We need to bail out if the test group had been marked as "hidden" here.

> Websites/perf.webkit.org/public/privileged-api/add-build-requests.php:19
> +
> +
> +

Extra blank lines.

> Websites/perf.webkit.org/public/privileged-api/add-build-requests.php:23
> +    if ($current_order < 0)
> +        exit_with_error('NoBuildRequestOfTestType');

I think we should return NoTestingBuildRequests.
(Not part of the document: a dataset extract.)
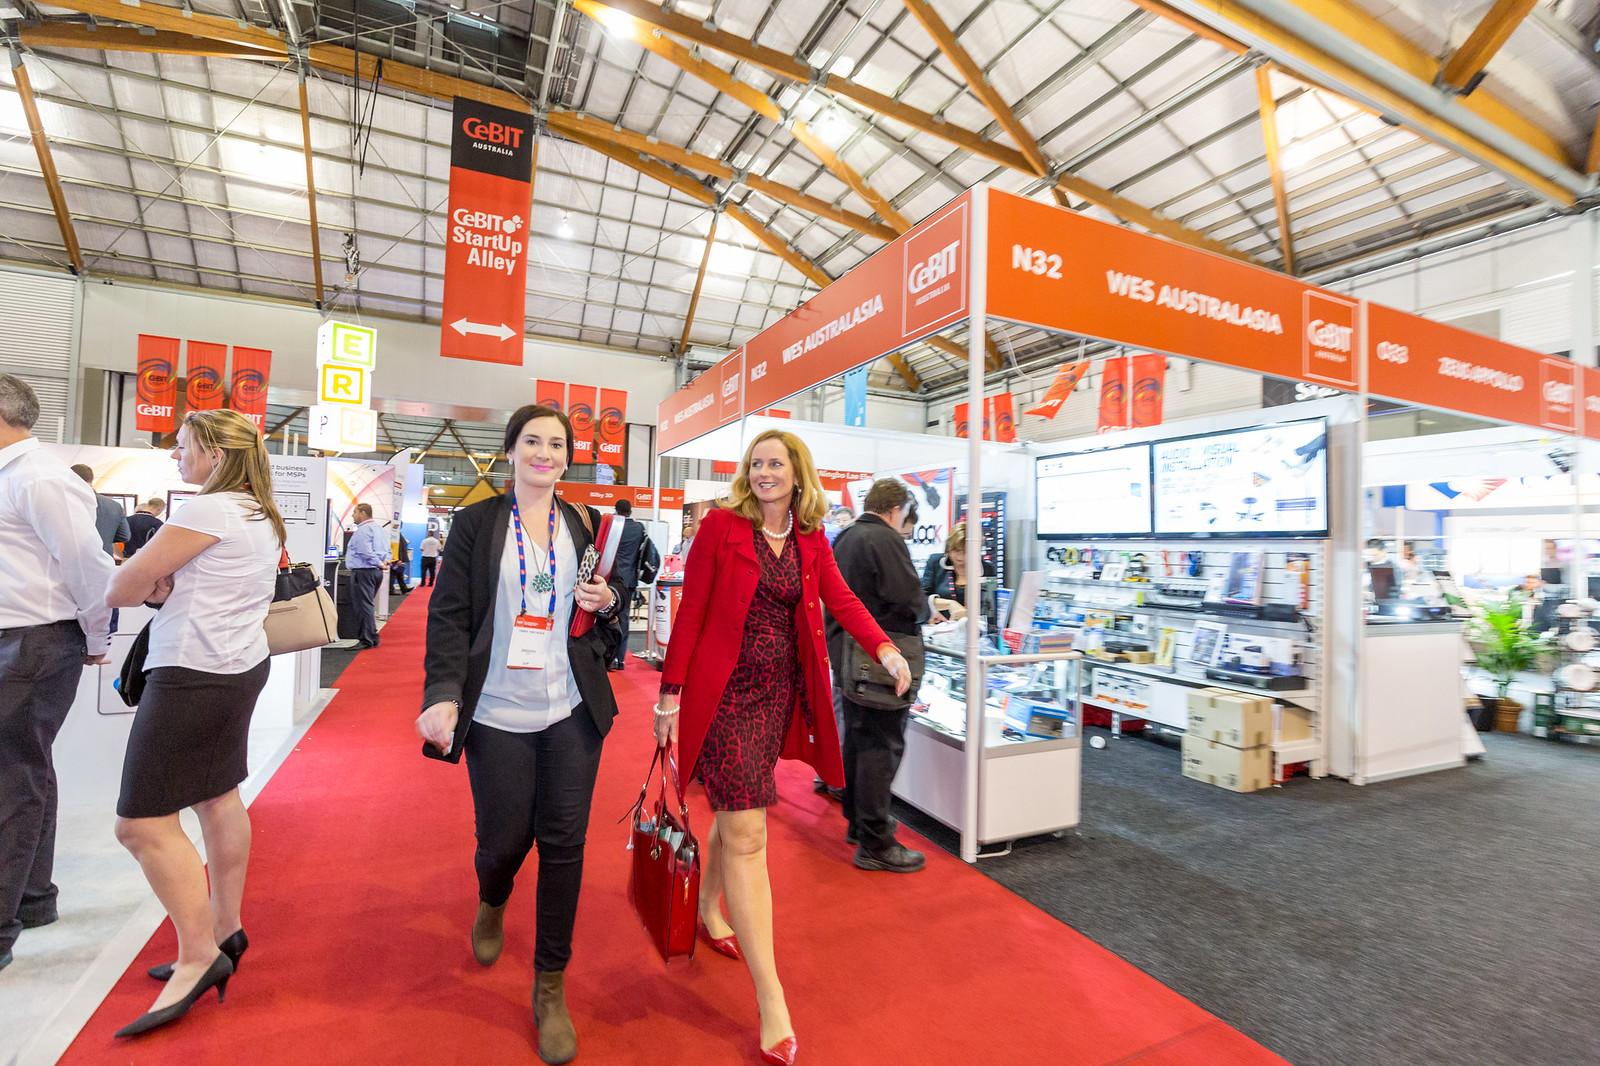 CeBIT Australia Expo

> Websites/perf.webkit.org/public/privileged-api/add-build-requests.php:29
> +    for ($i = 0; $i < $additional_build_request_count; $i++) {
> +        $processed_commit_set = array();
> +        foreach ($existing_build_requests as $build_request) {

I think we need to split this into two separate loops:
The first one which finds an ordered list of commit sets (1),
and the second loop which generates N build requests for each commit set we found in (1).
Otherwise, this algorithm is really O(N^2).

$commit_sets = array();
$processed_commit_set = array();
foreach ($existing_build_requests as $build_request) {
    if ($build_request['request_order'] < 0)
        continue;
    $requested_commit_set = $build_request['request_commit_set'];
    if (array_key_exists($requested_commit_set, $processed_commit_set))
        continue;
    $processed_commit_set[$requested_commit_set] = &$build_request;
    array_push($commit_sets, $requested_commit_set);
}
for ($i = 0; $i < $additional_build_request_count; $i++) {
    foreach ($commit_sets as $commit_set) {...}
}

> Websites/perf.webkit.org/public/v3/models/test-group.js:231
> +    async addExtraBuildRequests(count)
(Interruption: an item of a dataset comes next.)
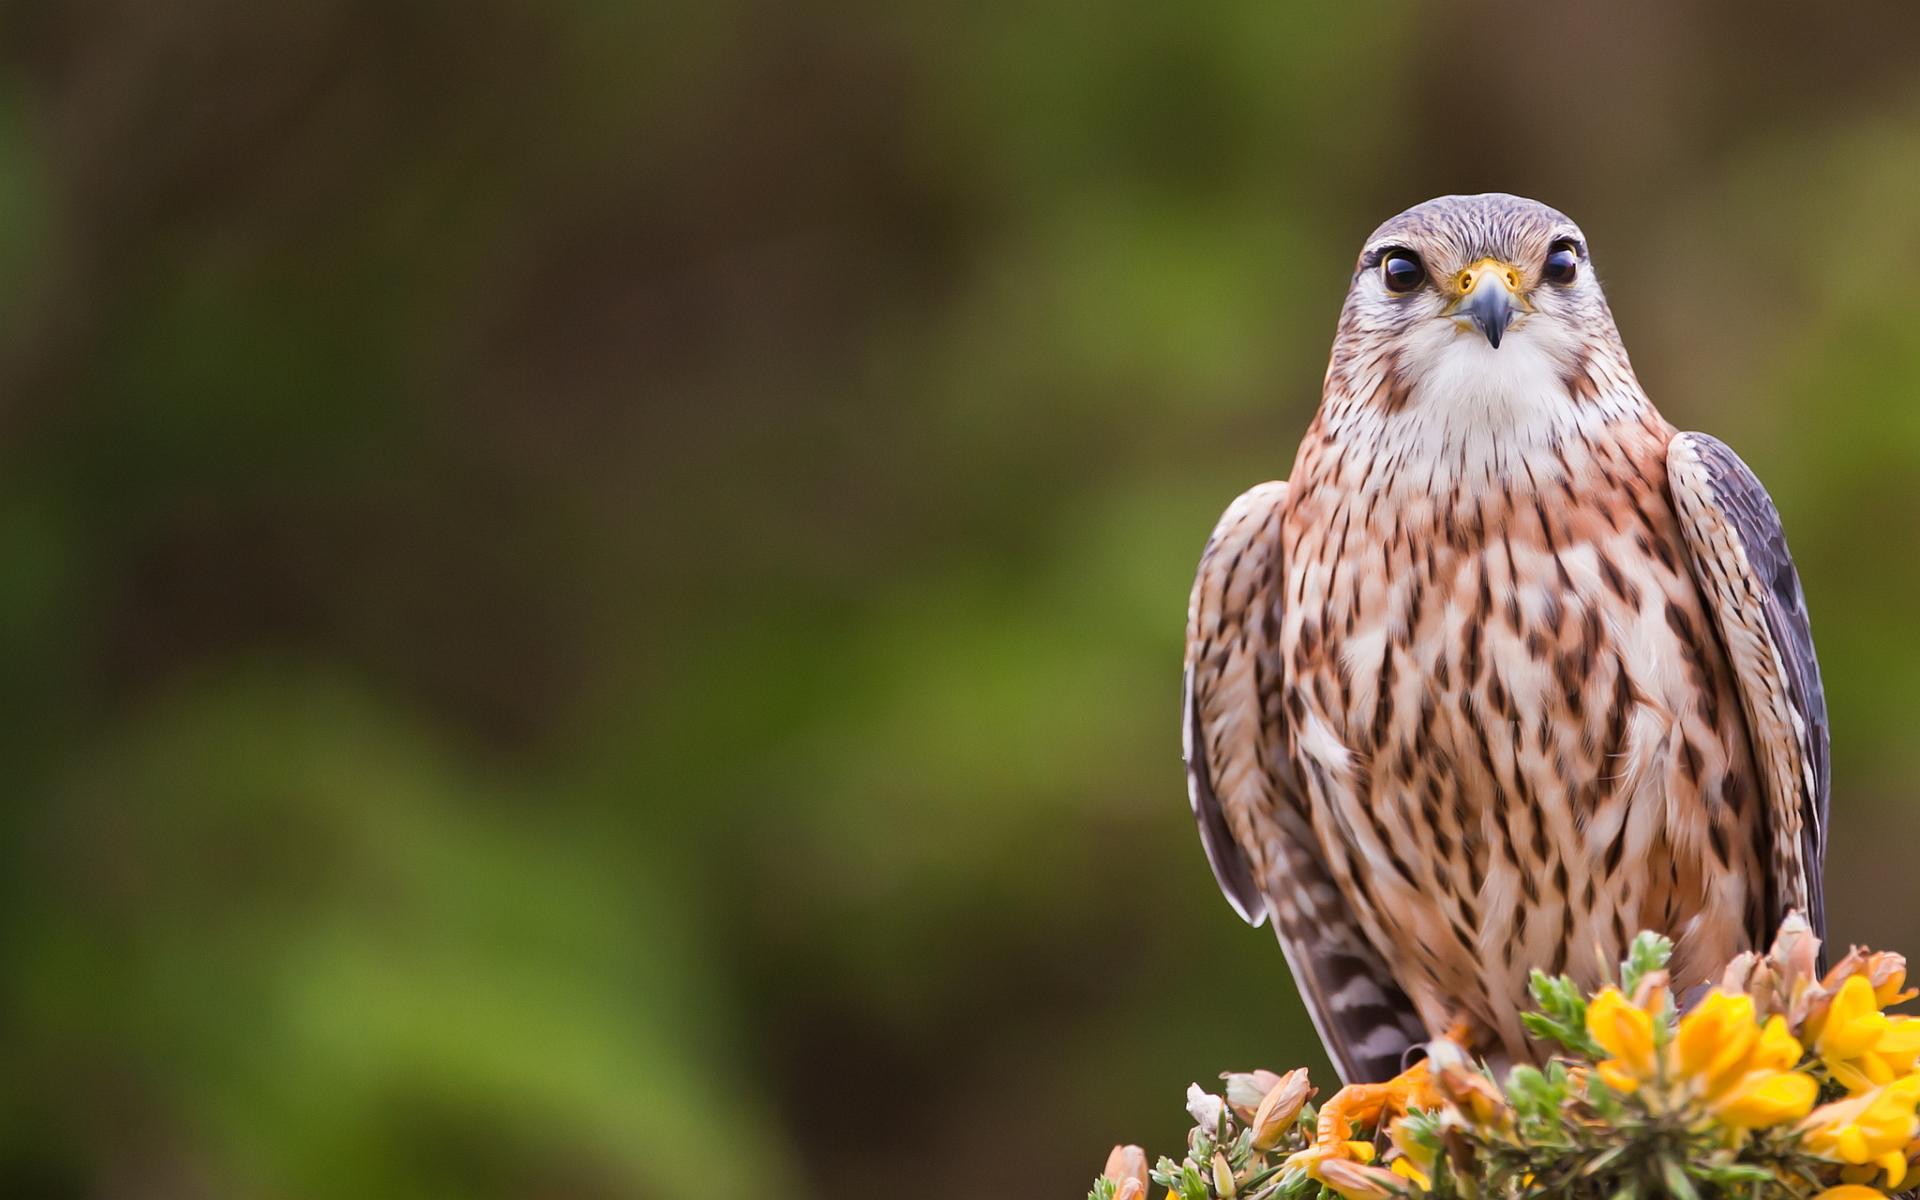 Cute Falcon

This should be called addMoreBuildRequests

> Websites/perf.webkit.org/public/v3/models/test-group.js:239
> +    async clearNeedAdditionalBuildRequests()

This should be called clearMayNeedMoreBuildRequests

> Websites/perf.webkit.org/public/v3/models/test-group.js:297
> +    static fetchAllMayNeedMoreRequests()

fetchAllThatMayNeedMoreRequests / fetchAllWhichMayNeedMoreRequests?

> Websites/perf.webkit.org/tools/js/retry-failed-build-requests.js:7
> +        if (testGroup.isHidden()) {

This early bail out is useless because we filter the results in API anyway.

Also we need to have an API test for this.

> Websites/perf.webkit.org/tools/js/retry-failed-build-requests.js:18
> +            hasCompletedBuildRequestForEachCommitSet &= (completedBuildRequestCount > 0);

I think this logic doesn't work when one side all failed.

> Websites/perf.webkit.org/tools/js/retry-failed-build-requests.js:29
> +        await testGroup.clearNeedAdditionalBuildRequests();

I think it's not sound to clear the flag in a separate API call when when we're creating more build requests.
In fact, clearing the flag may is also racy but let's not worry about that for now.
We should, however, clear the flag automatically in /add-build-requests API.

> Websites/perf.webkit.org/tools/run-analysis.js:20
> +        {name: '--max-retry-ratio', type: parseFloat, default: 3},

We should probably call this a factor since it's not really a ratio.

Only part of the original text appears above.